I heard a crack to my left. This wasn’t unusual as the amount of trees and branches falling was enormous. This one however sounded larger and closer. I turned to see a tree falling. It came at me, so I stepped aside. Where I had been standing, there was now a length of wood as wide as my head. The driver was rattling off through the comms. Fear was evident in his voice. I called out as the tree blocked my path and told him that I was okay. I took a photo and sent it off to my mother. We were called back to the main area so the truck could be looked over. The steel had been heavily dinted and a hole punched in. I was forced to remain for half an hour to make sure I wasn’t in shock. The driver seemed to be more shaken than I was. I was given a can of creamed rice from a ration pack to placate me.

I waited and I wondered. Was my lack of fear a sign of something worse? It was, but I refused to acknowledge it. Instead, I waited to be sent back out.
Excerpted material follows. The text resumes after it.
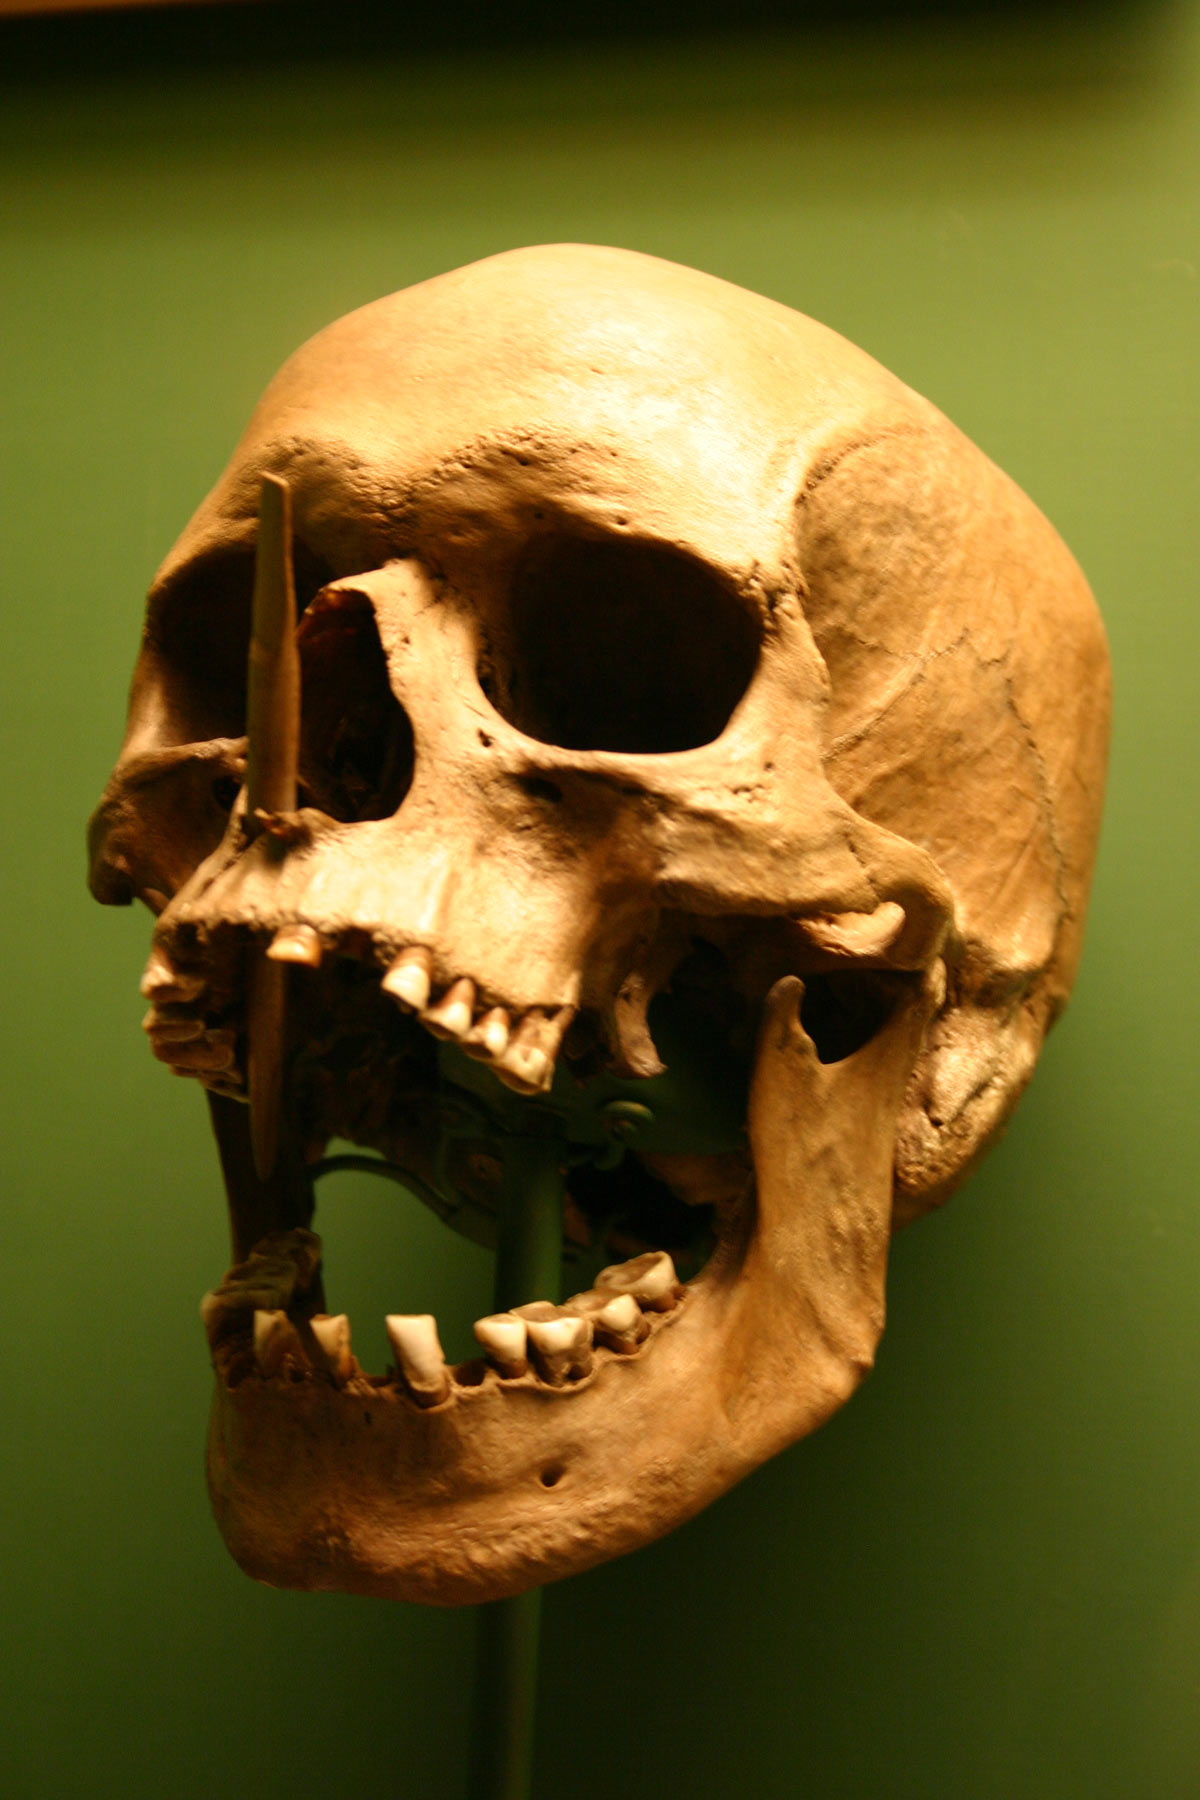 Skull, Old, Human, Cranium, Bone, HQ Photo

2018 Melbourne Home, Harsh Orange, Fires, Waiting I had left Gippsland and was now living in Melbourne. I knew there were fires back home and part of me wanted to go home and fight them. However, I had to merely accept that I would get updates from my family as time went on. The light on the ground was a harsh orange from the smoke in the sky. One hundred and fifty metres away my family was fighting fires and as I sat doing nothing, I wished to be out there.